Wednesday, October 16, 2013

The Grapes of Wrath Review

I think a lot of people may be expecting one of my longer reviews for this one but I am going to try and make it shorter, because there isn't much to say except that this is a masterpiece (and although there is a change of tone at the end, and some censorship of the book, I understand why it was necessary because of the time), and mostly I will just offer my counter to a couple of common complaints people wrongly have about this movie. 

I think the biggest complaint I ever see is how the movie re-arranges the order of the migrant camps and censors some important parts of the book (such as the woman breatfeeding the sick man) but I have to say that given the time it was understandable. Also, it was John Ford's take on Grapes of Wrath and while Steinback's book was a masterpiece (and yes better than the film) this movie is also a masterpiece in its own way. Yes, the ending is more optimistic but it rings much of the same message that the novel yielded, it was just made more subtle and more hopeful, which again given the time it was made I can see why it was necessary. That being said, that makes me very open to the re-make that Spielberg is doing for the novels 75th anniversary because it can adapt the book and not feel like a remake of this movie. The book and film for Grapes of Wrath are different, but they are both still powerful, impactful, and bring the same important, timeless themes. 
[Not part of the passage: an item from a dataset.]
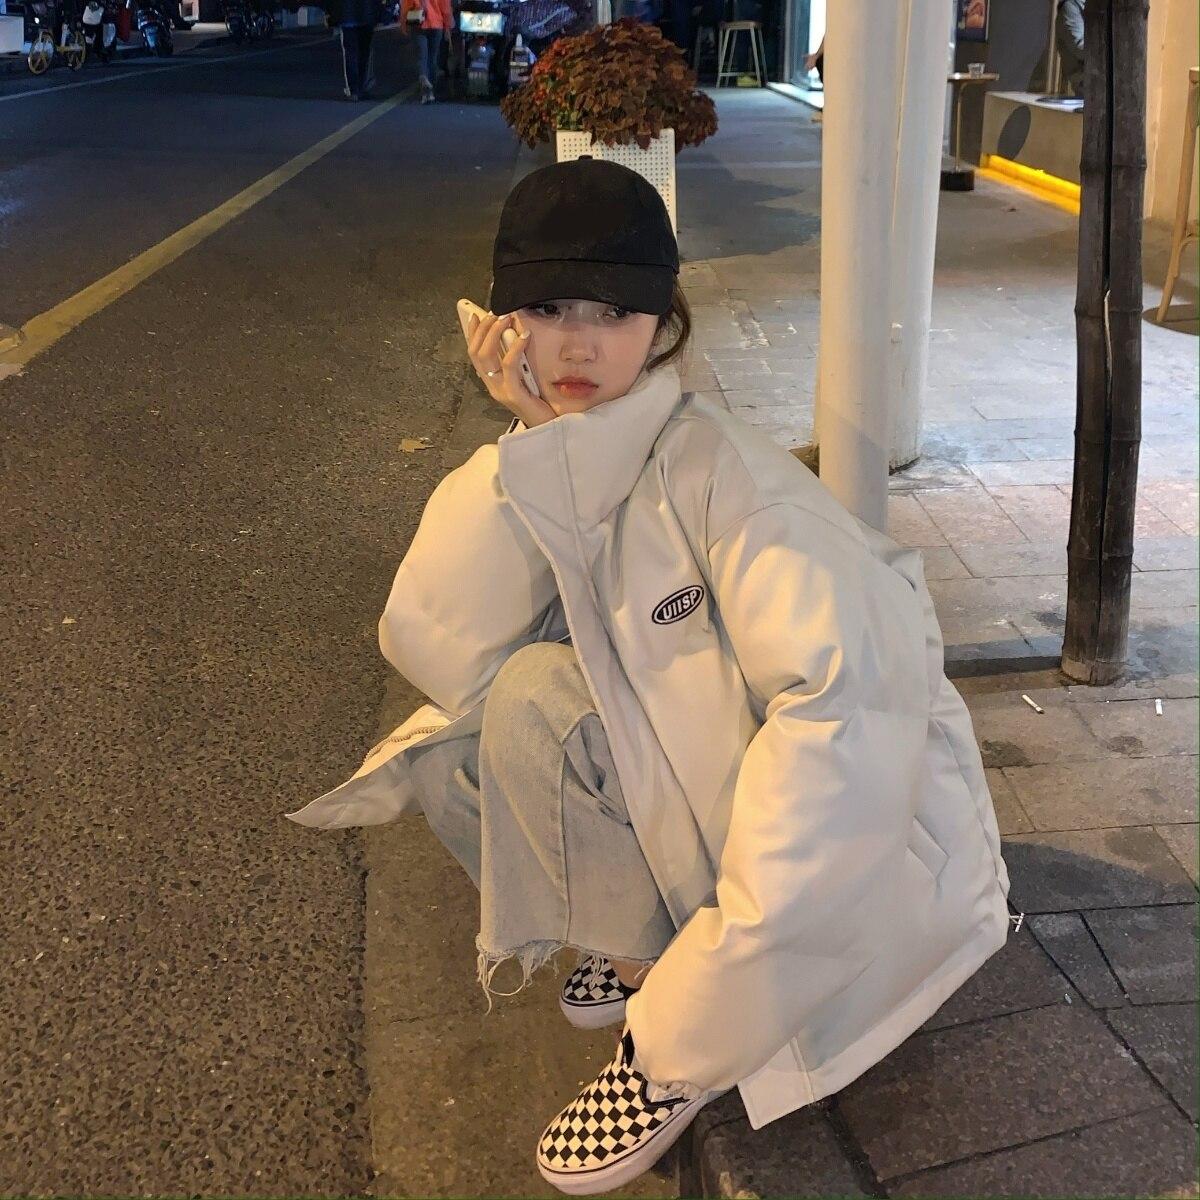 Down Parka Chic Jacket Skin Bread Down Cotton Padded Jacket Cotton Padded Jacket Women's Korean Vers

Another complaint I have heard (not often) was they thought the acting was bad, and the best thing to say is that they clearly haven't watched much film from this era. A lot of the older, classic films are done in a different acting style (You can make an exception with Citizen Kane) and filmed differently than they are today, and for an important reason. The acting that you see in many classic films, such as Grapes of Wrath, is done much closer to stage acting and putting on a recording a stage like play without the limitations a stage play has. Eventually, with movies like Citizen Kane (which is why this movie is so important) you see filmmakers learning they aren't limited like you are on stage and they can provide a much more realistic approach to the story that a stage play couldn't because of its restrictiveness. Even if you don't have this knowledge of why the acting seems weird to you (it's a different acting style, a different style does NOT make the acting bad) it's fairly to realize that the performances in this movie are fantastic, they are iconic, powerful, and continue to be remembered and watched to this day. 
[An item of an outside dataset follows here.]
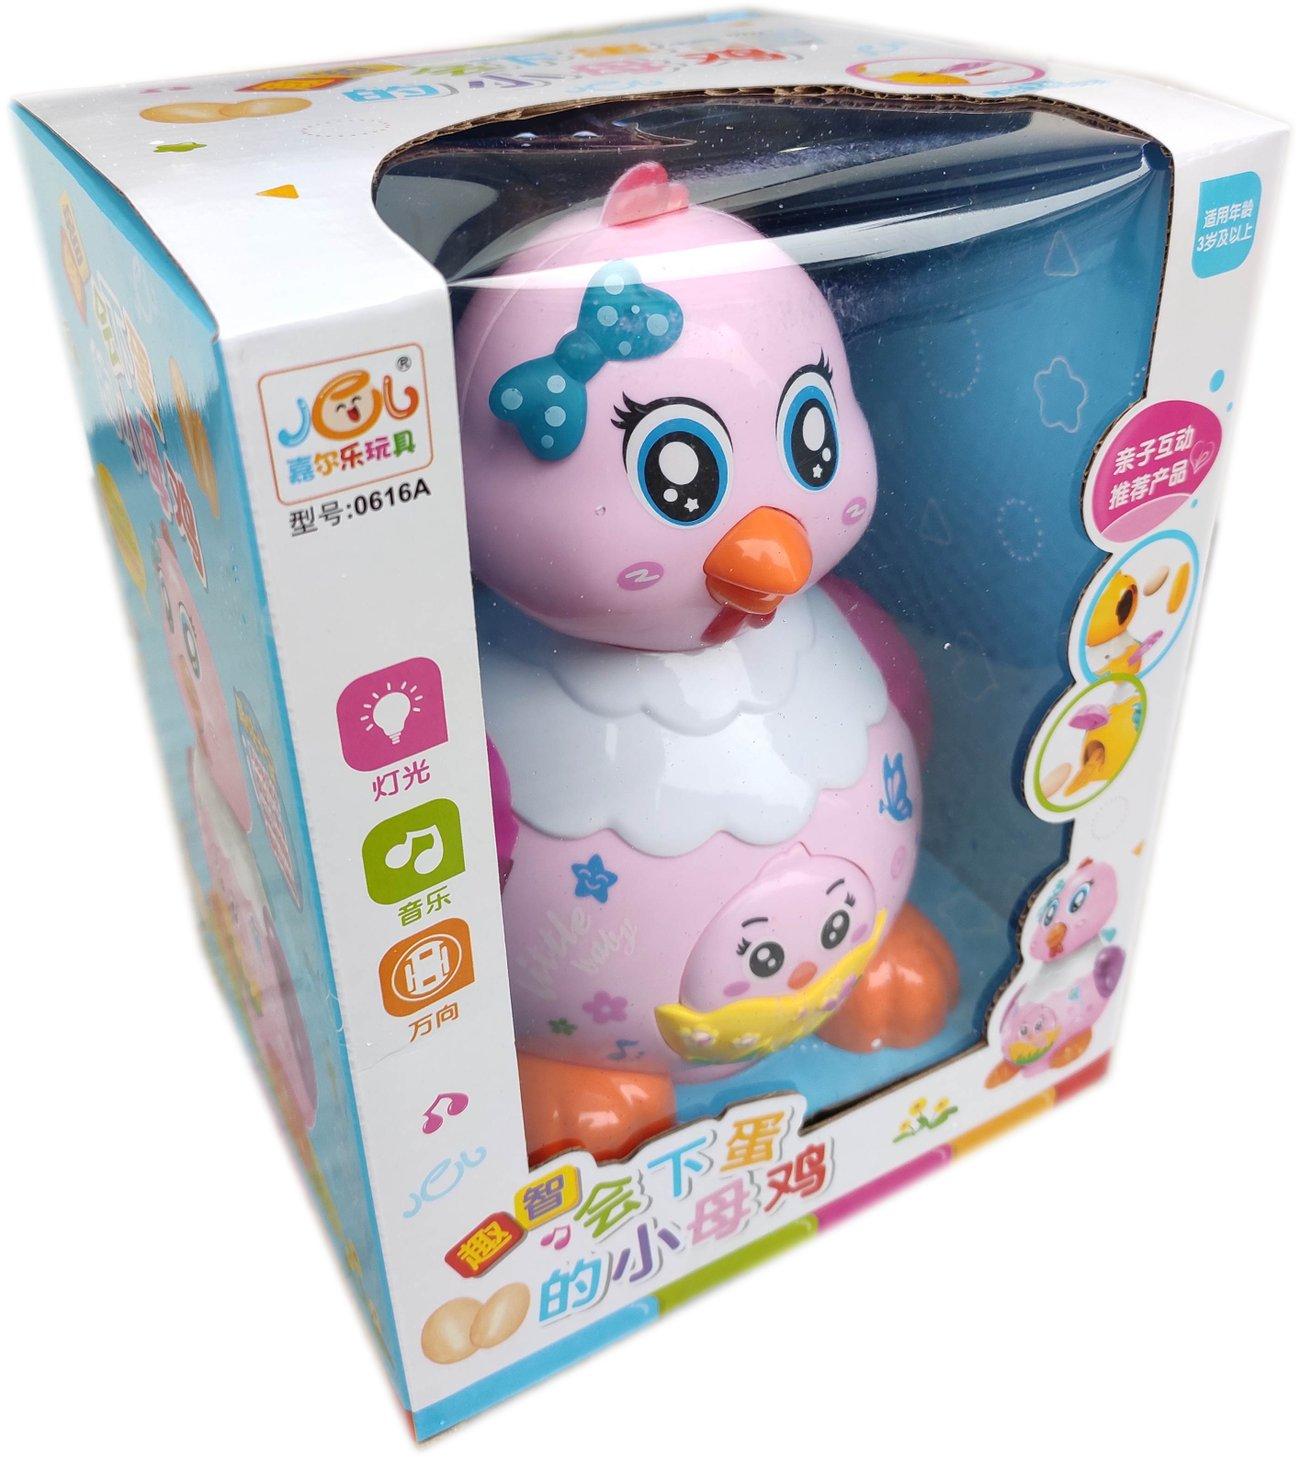 Детска занимателна играчка Кокошка с яйца със светлина и звук

Now I am going to take a brief moment to talk about what makes this film so powerful (since this is a movie review I won't touch on the book that much, but the book is just (actually probably more) as impactful) and it has to be that the movie completely depicts the era, it may be fictional but the migrant workers were not fictional, what they went through was not fictional, and the themes showed the importance for the migrant workers to keep their dignity. The film shows how man will turn against man when he has fear of losing his power and that one of the greatest struggles at the time was not the Dustbowl, but the corruption of the few in power to stop others from ever being able to obtain anything, even if it meant having the thousands upon thousands starve or be beaten and die. Another important thing to note is many of those migrant camps shown in this movie were REAL migrant camps, there were many families that went through what the Joads went through, the movie depicted exactly how corrupt the powerful could actually get (in one of the more wealthy countries) and how they would (and did) treat the thousands in need like complete dogs because of the fear of losing any power. 

I went a little longer with this review than I actually intended (I did not want to write an essay for this, to many people have analyzed this film and book enough to where I can't really contribute much more) but Grapes of Wrath is a powerful movie, with many impactful themes that continue to resonate in importance today as they did 70 years ago, it is a timeless classic that will never die.